Google has launched Dart 3, a major update to the programming language, and the accompanying Flutter 3.10 UI toolkit for mobile, web, and desktop applications, with design and macOS/iOS enhancements. In addition to sound null safety and new language features, Dart 3 previews WebAssembly (Wasm) compilation.
Updates to both Dart and Flutter were announced May 10. Installation instructions for Flutter can be found at docs.dev.flutter, and those for the Dart SDK at dart.dev. Dart 3, now available as a stable release, contains three improvements Google describes as major:
- 100% sound null safety, which avoids runtime errors from nulls, provides for smaller compiled output, and improves performance. Currently 99% of the 1,000 packages on the dev package manager for Dart support null safety.
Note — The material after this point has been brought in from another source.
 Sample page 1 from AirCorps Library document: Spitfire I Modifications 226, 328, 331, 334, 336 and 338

- New language features supporting structured data with records, destructuring, and pattern matching, and abstract data types for modern programming.
- Class modifiers, a “power user” feature enabling package owners to better express the capabilities of APIs.
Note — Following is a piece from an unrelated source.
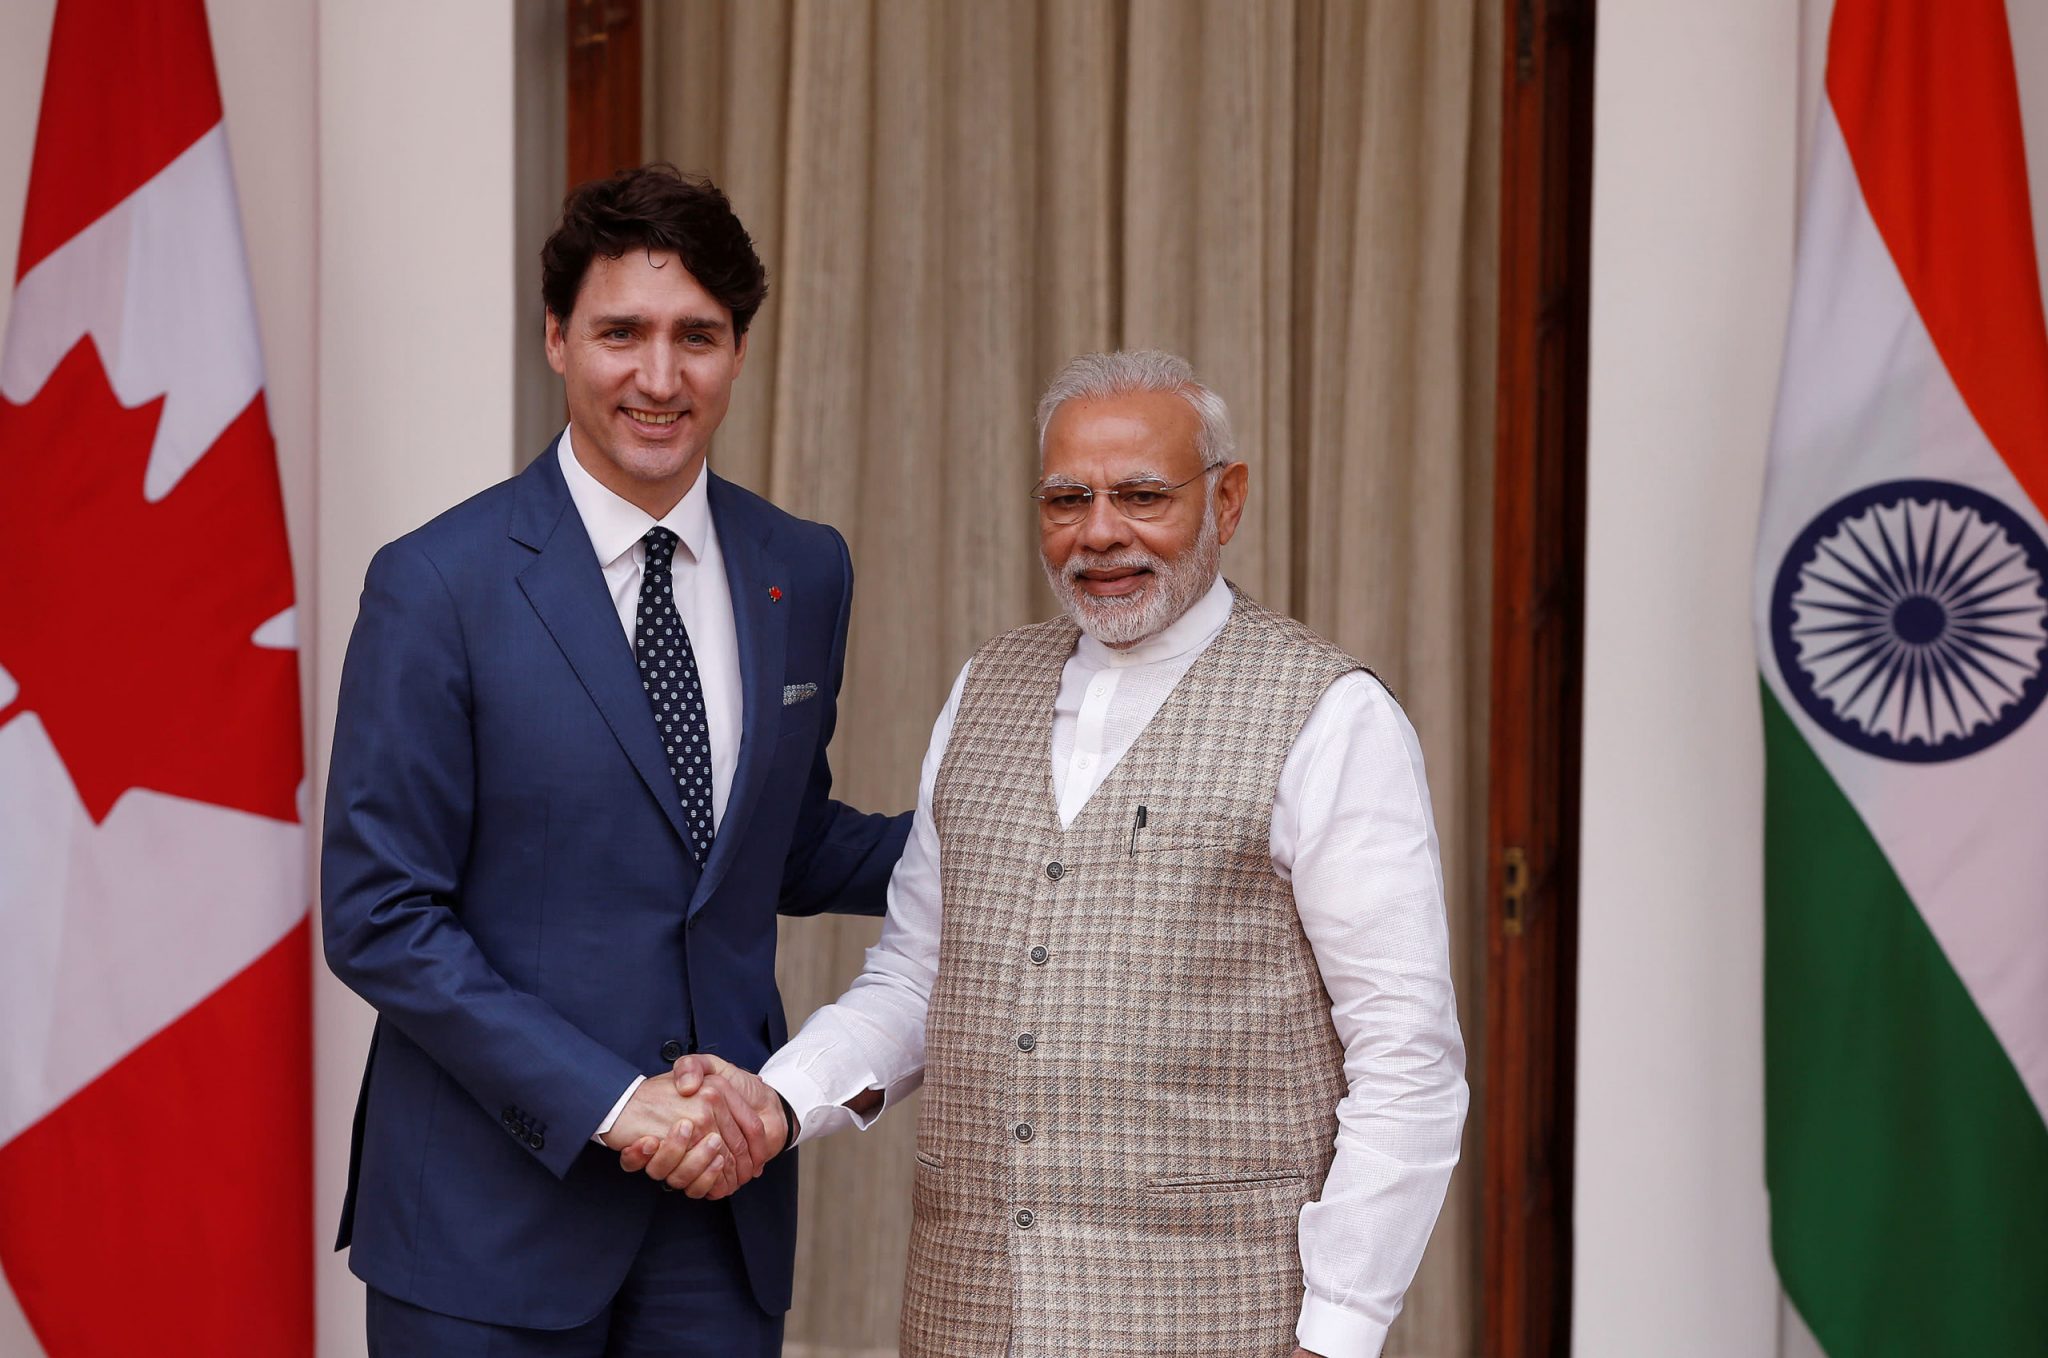 Trudeau's Remarks On Farmers may impact ties with India

Dart’s builders have also been working on compiling Dart to the Wasm binary format, with the goals of bringing faster loading in the browser and improved performance to web applications. Dart to Wasm compilation now is being previewed. To compile to Wasm, developers need a browser that supports WasmGC.
Also being worked on is Dart’s interoperability with Java and Kotlin on Android, and with Objective-C and Swift on macOS/iOS—akin to Dart’s existing interop with code compiling to C libraries. Dart once was once perceived as a possible JavaScript rival but moved away from that goal in the middle of the last decade.
Flutter 3.10, meanwhile, brings improved support for the Material 3 widget toolkit, including support for Material 3 algorithmic color scheme generation, along with a number of improvements that make it easier to build macOS and iOS apps. The latter include the addition of spell-checking support in the editable text widget, a new check box widget, and support for wireless debugging. The Impeller renderer, in preview since Flutter 3.7, is now the default renderer on iOS, promising less jank and more consistent performance.
Also featured in Flutter 3.10 is a JNI bridge to Jetpack libraries written in Kotlin, enabling the calling of a new Jetpack library directly from Dart without needing an external plugin.
Google’s overarching goal for Flutter is to provide five core characteristics: beauty, providing control over every pixel on the screen; speed, powered by hardware-accelerated graphics; productivity, with workloads supported by hot reload and dev tools; portability, leveraging a single shared code base for multiple platforms; and universal availability, by being free and open source.